(-9).jpeg "(-7)(-9)")
Multiplying Negative Numbers: A Deep Dive into (-7)(-9)
When it comes to mathematics, multiplying negative numbers can sometimes seem confusing. However, there's a simple logic behind it. Let's explore the concept of multiplying (-7)(-9) and understand why the product is positive.
The Rules of Multiplication with Negatives
The key to understanding this lies in the basic rules of multiplication with negative numbers:
- Negative x Positive = Negative
- Positive x Negative = Negative
- Negative x Negative = Positive
These rules help us understand the sign of the final product.

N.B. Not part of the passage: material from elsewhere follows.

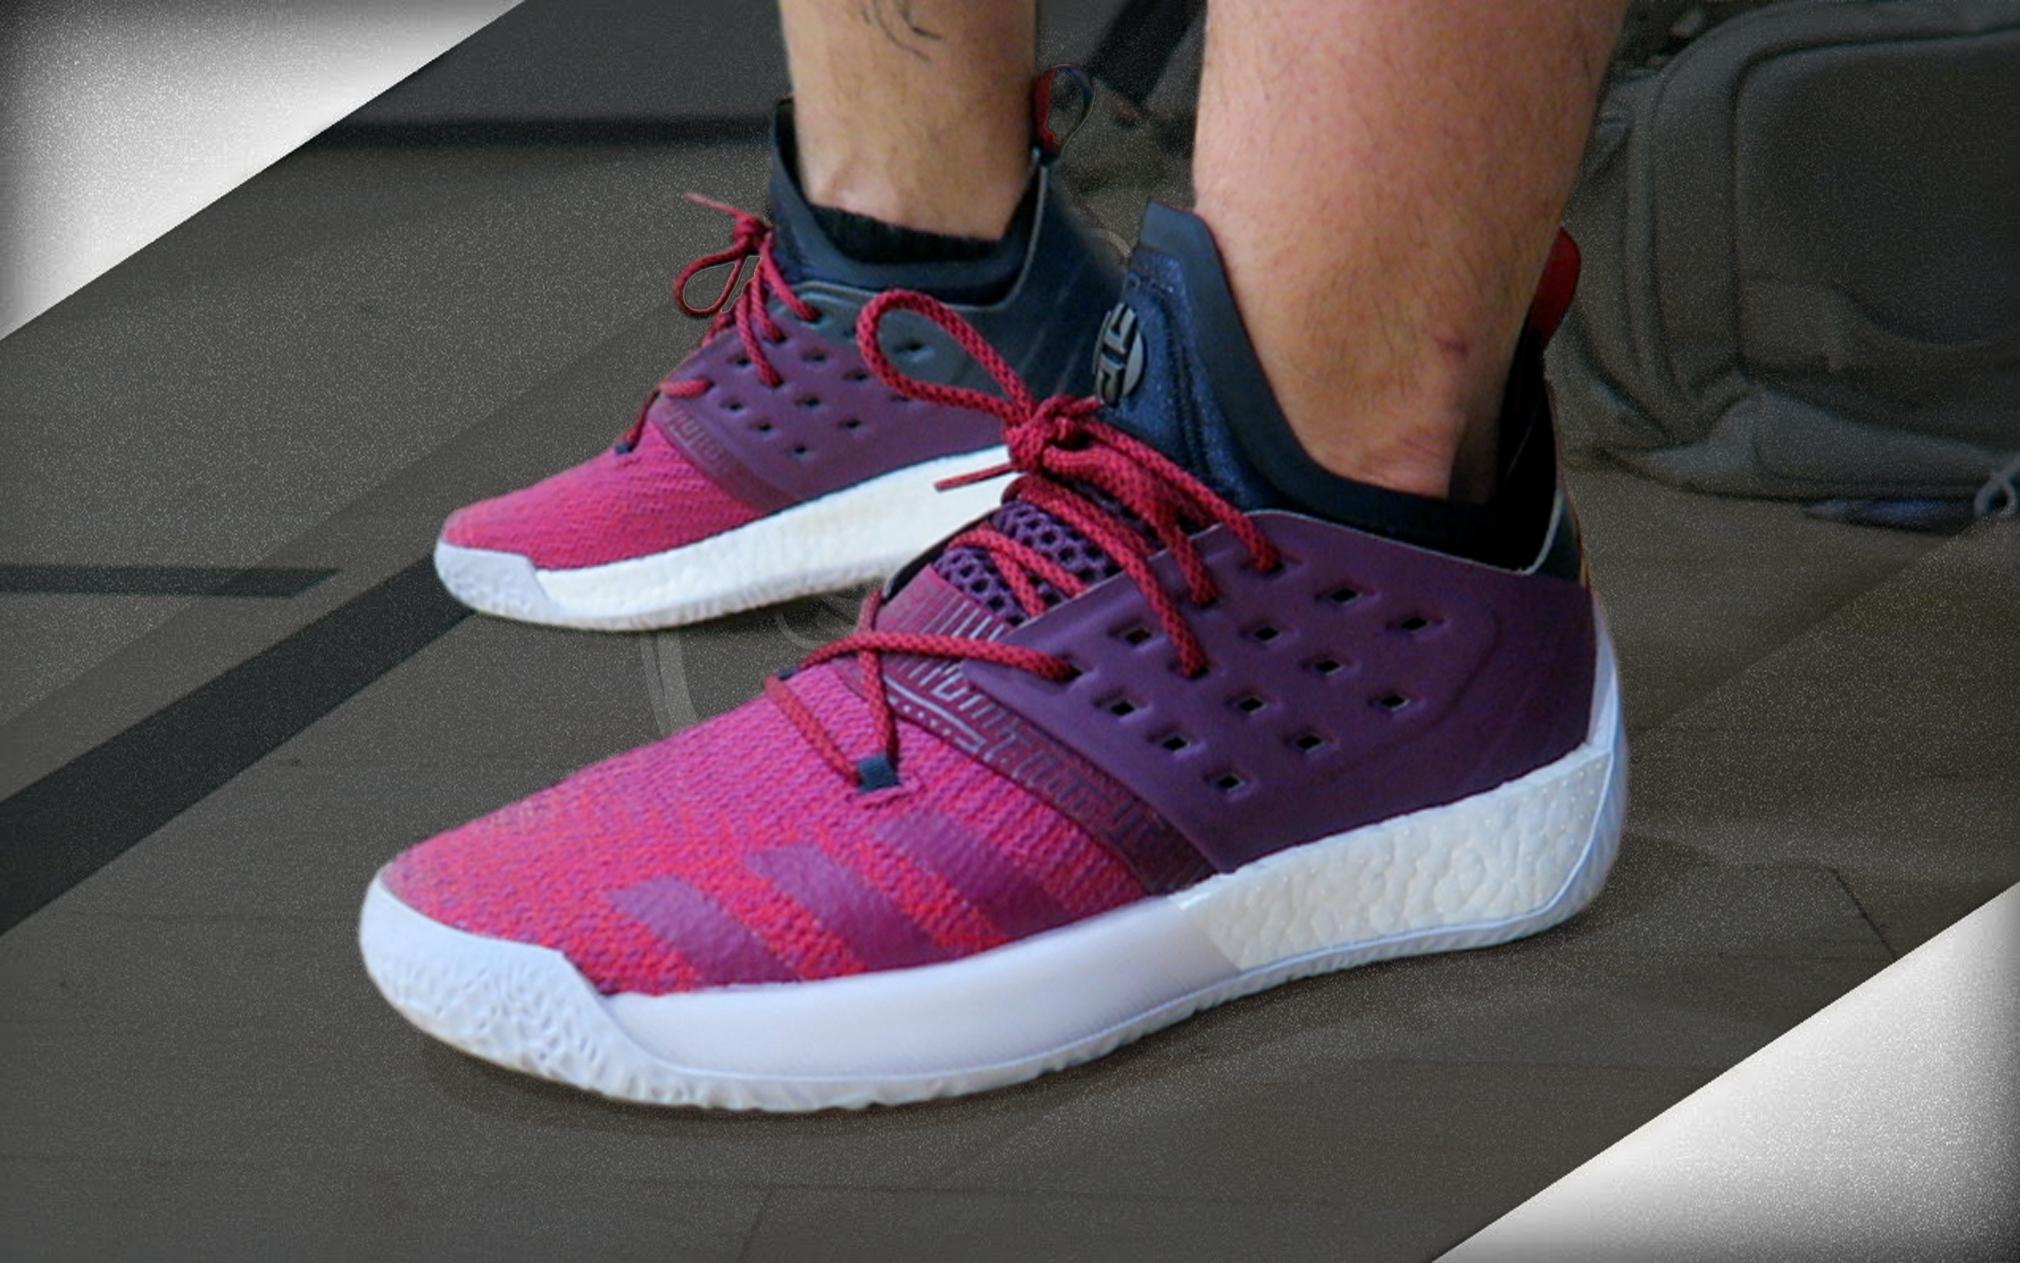 adidas-Harden-Vol-2-Detailed-Look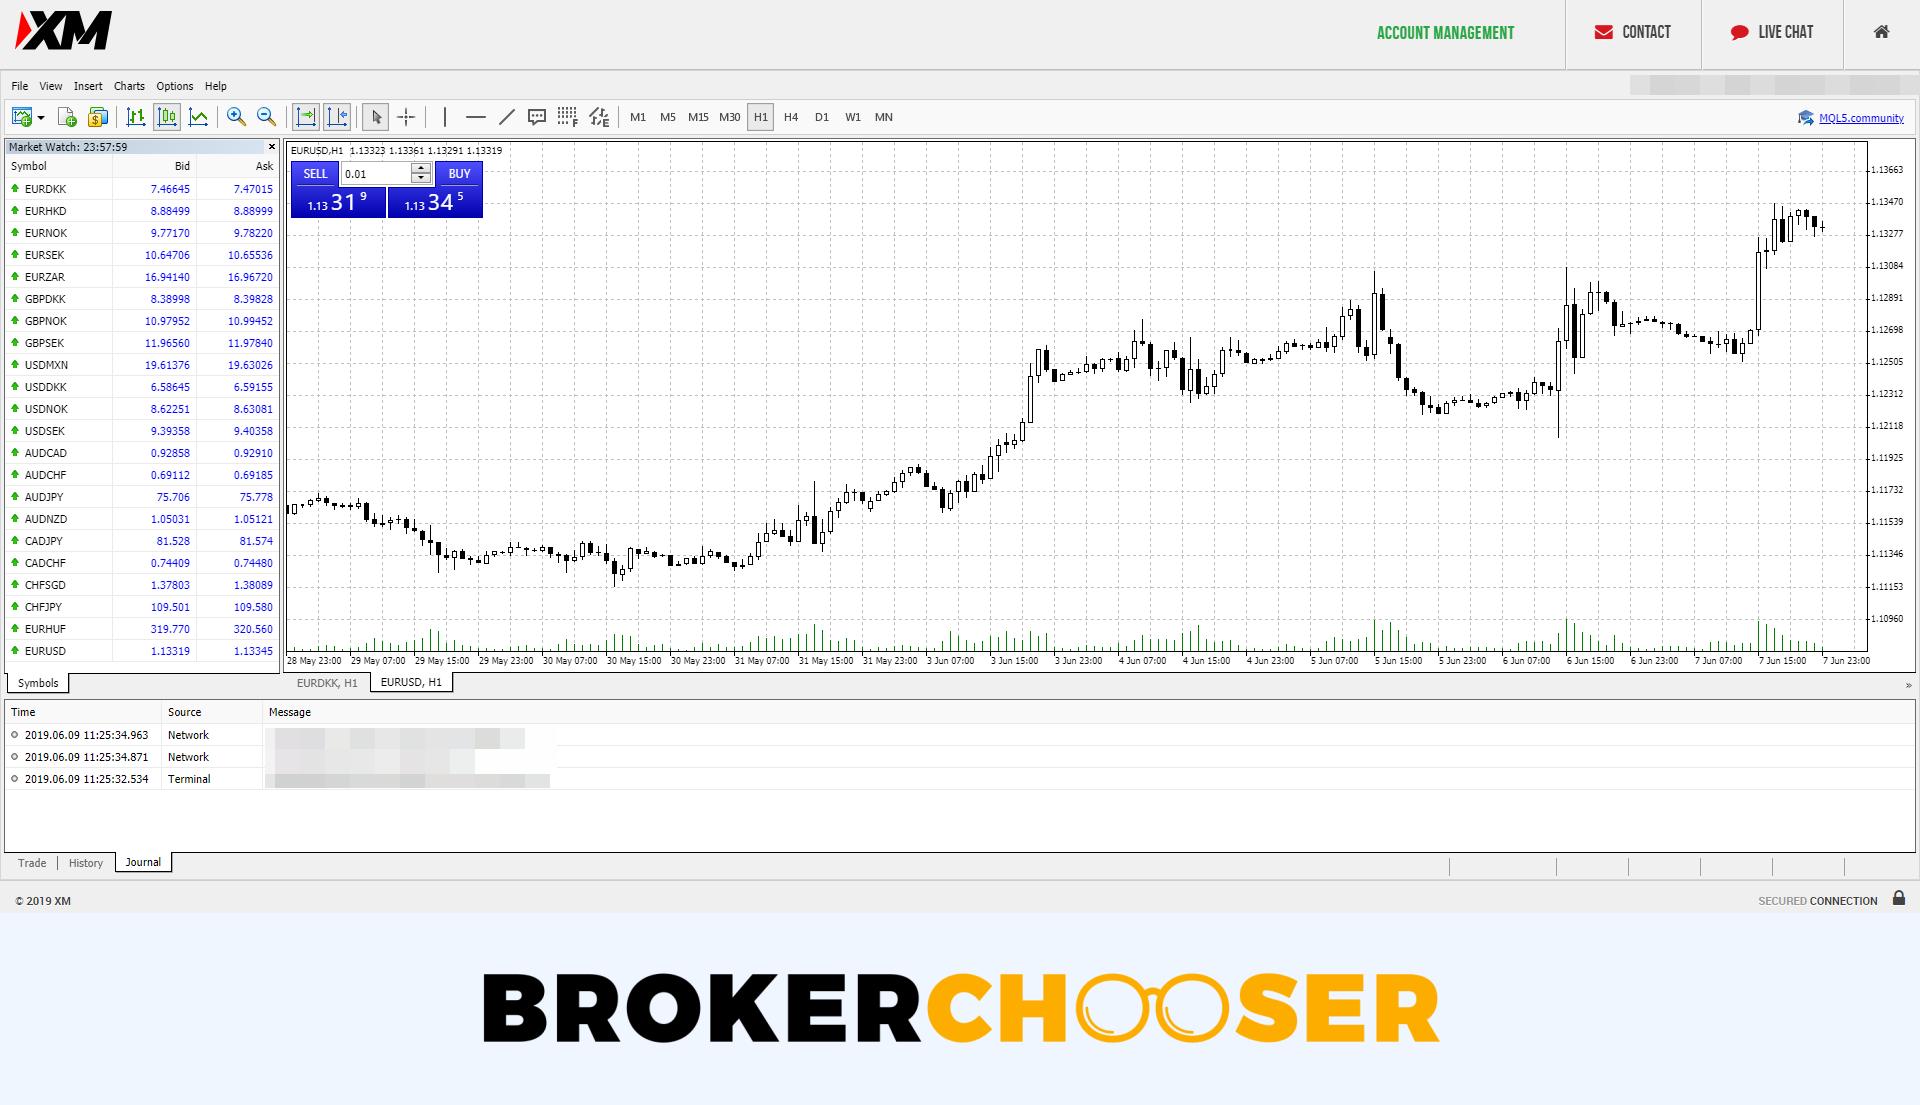 XM - Web trading platform

Applying the Rules to (-7)(-9)
In our case, (-7) and (-9) are both negative numbers. According to the third rule, multiplying two negative numbers results in a positive number.
Therefore, (-7)(-9) = 63.
Visualizing the Concept
Imagine a number line. Multiplying a number by a negative value is like reflecting that number across zero. So, multiplying (-7) by (-9) is like reflecting (-7) nine times, each reflection moving the number further to the positive side.
Conclusion
Understanding the rules of multiplying negative numbers is crucial for accurate calculations. Remember, multiplying two negative numbers always results in a positive product. This principle applies not only to (-7)(-9) but to all scenarios involving multiplying two negative numbers.